Aux USA, la situation est différente, mais le résultat est identique. On n’a jamais demandé à un Président américain d’avoir une idéologie au sens Européen du terme. On lui demande des résultats, une élévation sociale et une fierté maintenue dans son pays. La confiance que les USA resteront les leaders « du monde libre ». Dès lors, quand il recule, c’est simplement par ses investissements, pas par l’idéologie. Il recule sur l’espace, les infrastructures, la recherche ? Les entreprises, notamment et surtout, les entrepreneurs milliardaires, prennent le relai, armé d’une autorisation d’investissement massif dans les tourments de la société : La déduction fiscale. Plus de 400 milliards de dollars en 2018. C’est ainsi moins de 100 personnes, qui décident de l’avenir des USA ou de ses orientations principales, y compris en matière d’environnement, reléguant à un niveau secondaire, la signature ou l’accord ou le désaccord face aux accords de Paris. Le Président parle, les entreprises font ce qu’elles veulent.  Armées du pouvoir digital, du pouvoir d’orienter les élections, d’influencer le consommateur dans sa vie quotidienne, de récolter la data qui permettra les traitements médicaux, lui dispenser l’éducation et les idées, d’assurer sa sécurité, l’entreprise devient LE gouvernement.

Je suis entrepreneur. Je pourrais crier « victoire ». C’est une amère défaite. L’objectif est que nous nous reposions sur la diversité, sur l’équilibre des pouvoirs, des idées, définissions ensemble une vision commune, partagée, mais surtout renouvelée, et que nous l’exercions ensemble. Remplacer un défaillant par un impartial, apportera un changement, mais pas la solution.

Le capitalisme ne sera pas responsable. Il l’est déjà. Ou plutôt, il l’a longtemps été, quoi qu’en pensent les gauchistes dogmatiques. C’est le meilleur, ou le moins pire, des systèmes, et il était responsable, car il répondait à la mission que la société lui avait confiée. Créer de la richesse, des emplois, entretenir l’illusion plus ou moins forte d’une possible ascension sociale par le travail et l’éducation, participer à la société en la finançant par ses profits et ses obligations diverses, participer à l’équilibre entre les riches et les pauvres en permettant, par le travail et la progression hiérarchique et salariale, permettant au peuple de penser qu’il existe par sa consommation et sa position sociale. C’était sa mission. On lui a assigné cette mission. D’un « commun accord ». On ne peut rien lui reprocher. On ne pouvait lui reprocher quoi que ce soit, jusqu’à ce qu’il s’aperçoive de ses erreurs et de leurs conséquences. Mais à nouveau, il ne pouvait pas être seul, ni à décider, ni à payer. La mission devait être changée. L’ordre de mission, revu, corrigé, par l’ensemble de la société. Cela n’a pas été fait. Pas d’intellectuels pour prendre la plume. Pas de politique doté de vision. Le soldat entreprise restant sous pression de créer la richesse, seul, ne prenait que des initiatives limitées. Cosmétiques souvent. Et quand il faisait bien, personne ne voulait le lui reconnaitre. Il est coupable d’un manque de réaction face au désastre. Oui, comme les autres, mais au moins il essaie, de plus en plus chaque jour. Mais seul, il n’ira pas loin.

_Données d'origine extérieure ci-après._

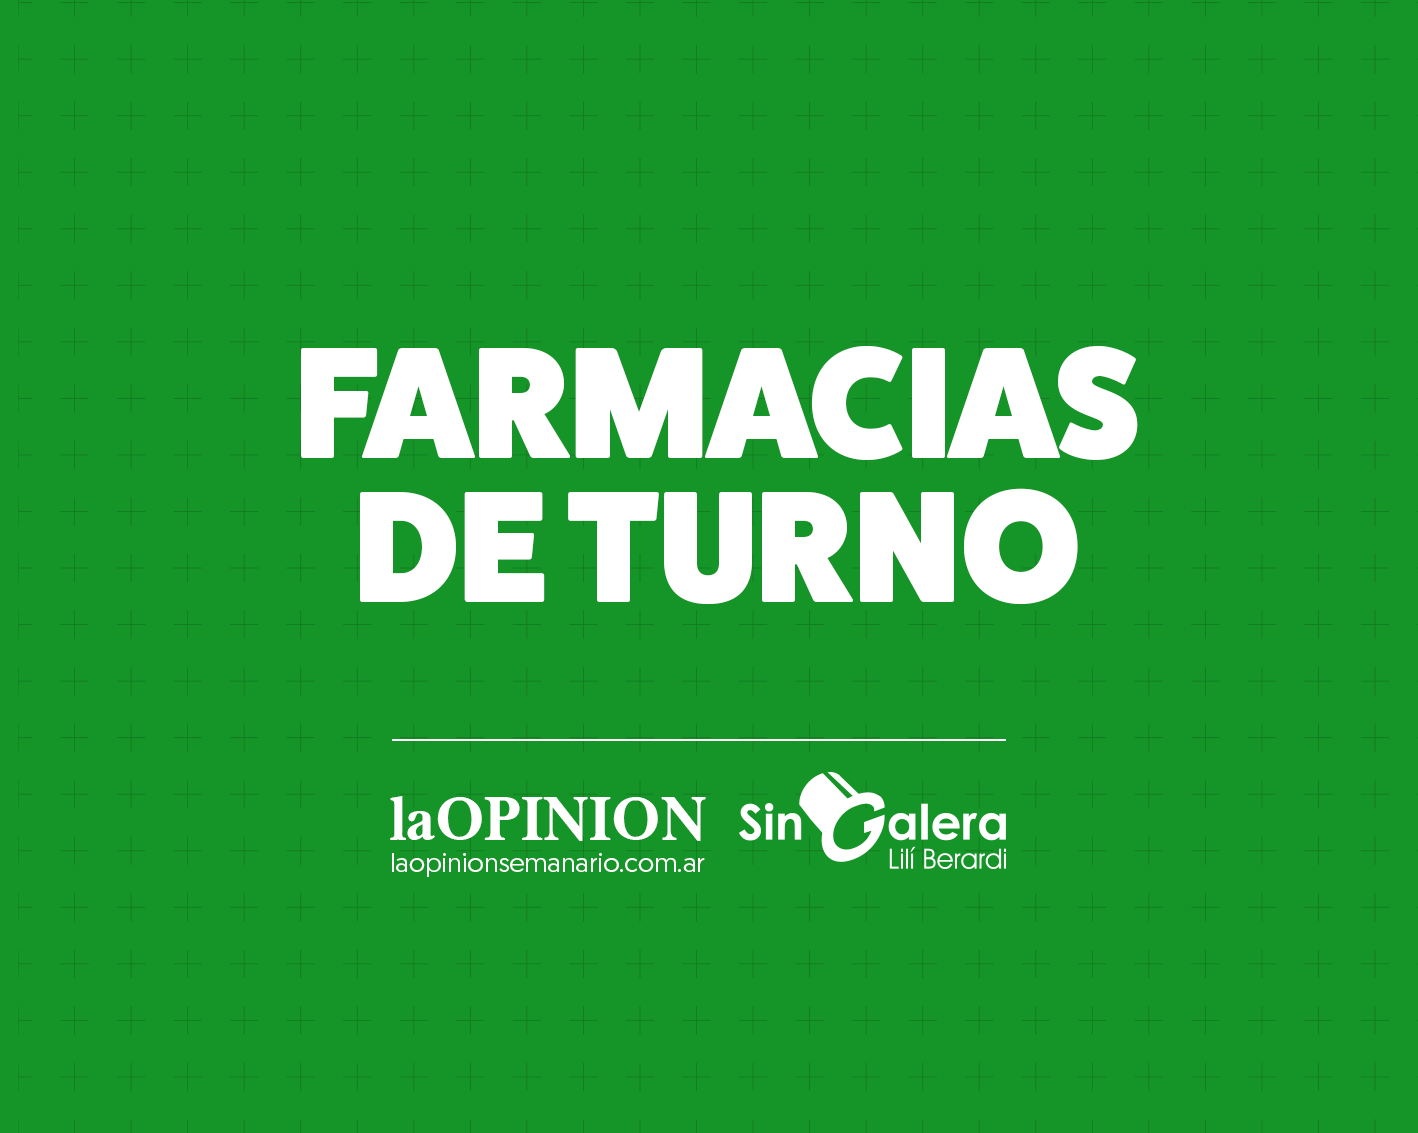 Farmacias de turno 09/04: Molina y Mauro Coliva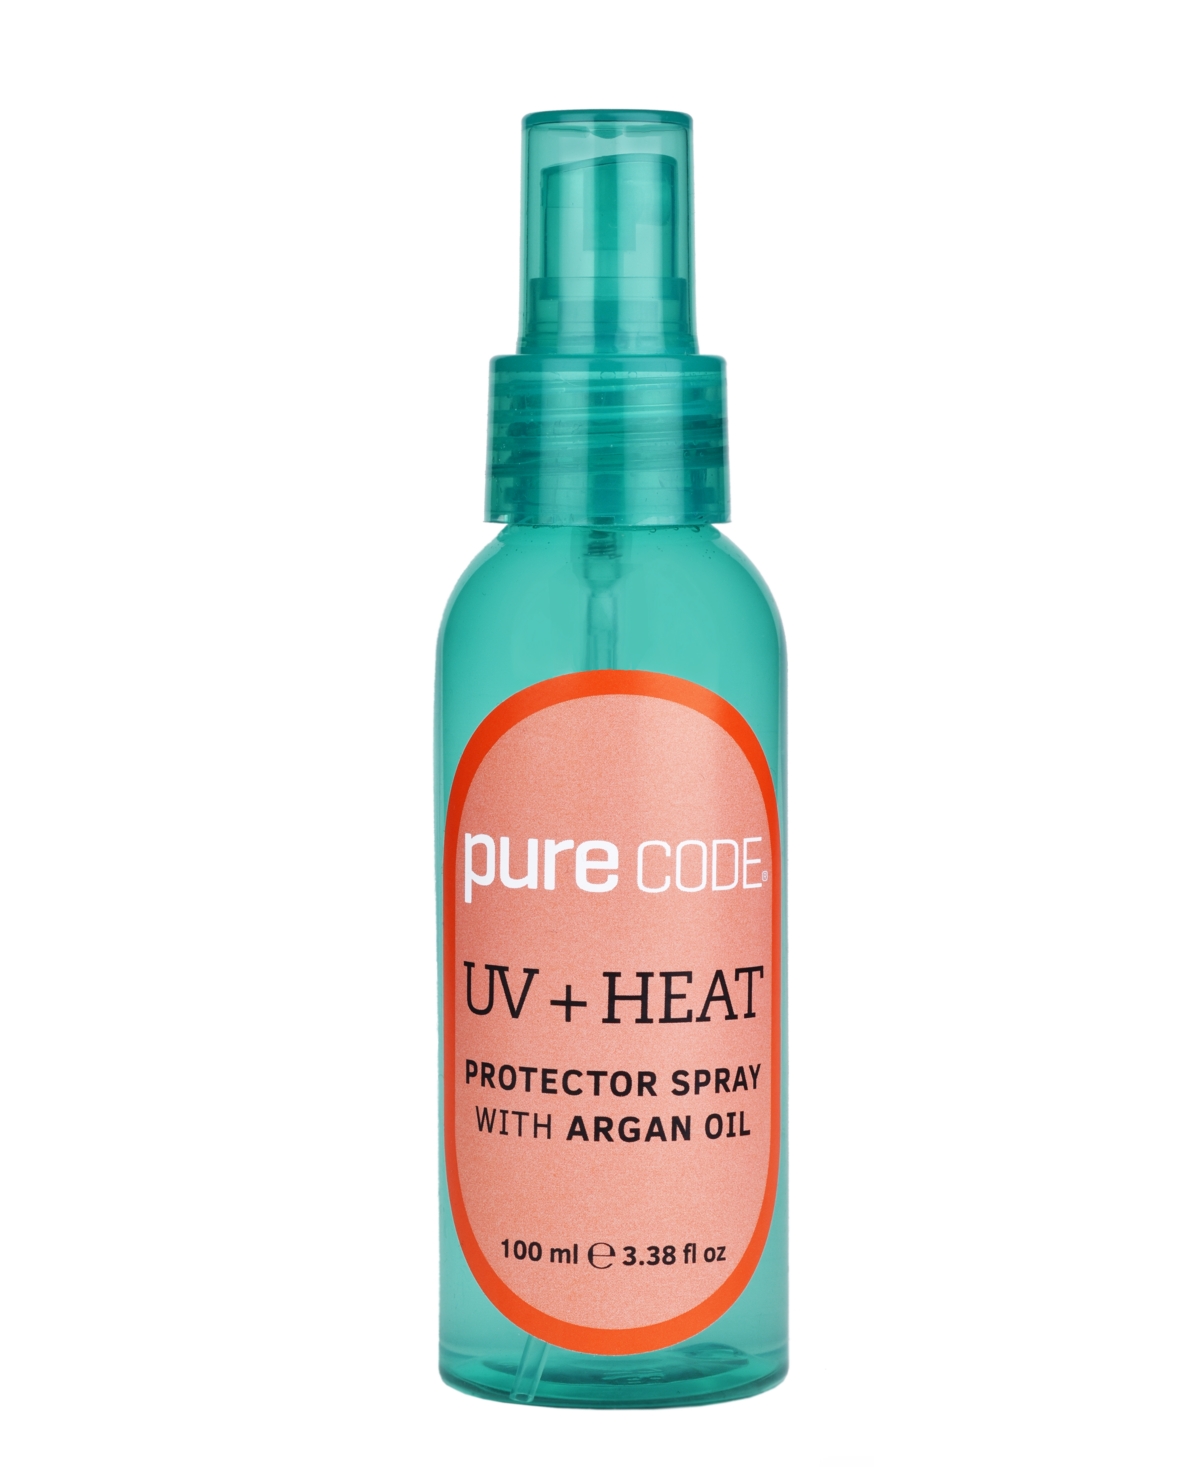 Uv + Heat Protector Spray With Argan Oil, 3.38 oz. - Clear

En conclusion, le capitalisme peut redevenir responsable une fois doté d’une nouvelle responsabilité, d’une nouvelle mission. La question était « de quoi » ? Pour qui ? Comment ? Il faut donc une nouvelle vision, un nouveau dessein, seul capable de fournir un nouveau destin. Et l’entreprise l’accomplira. Avec imperfection, comme l’État, mais dans les grandes lignes, elle le fera.  La responsabilité n’a pas de définition, elle est relative, dépendante d’un référentiel. Elle ne peut être mesurée qu’à cette aune. Nous avons TOUS la responsabilité de réécrire le futur, et les consignes à donner à la TOTALITE de la société, et pas seulement au « capitalisme ».  Nous pourrons alors poser la question d’un capitalisme responsable, car nous aurons à nouveau la possibilité d’en mesurer la réalisation.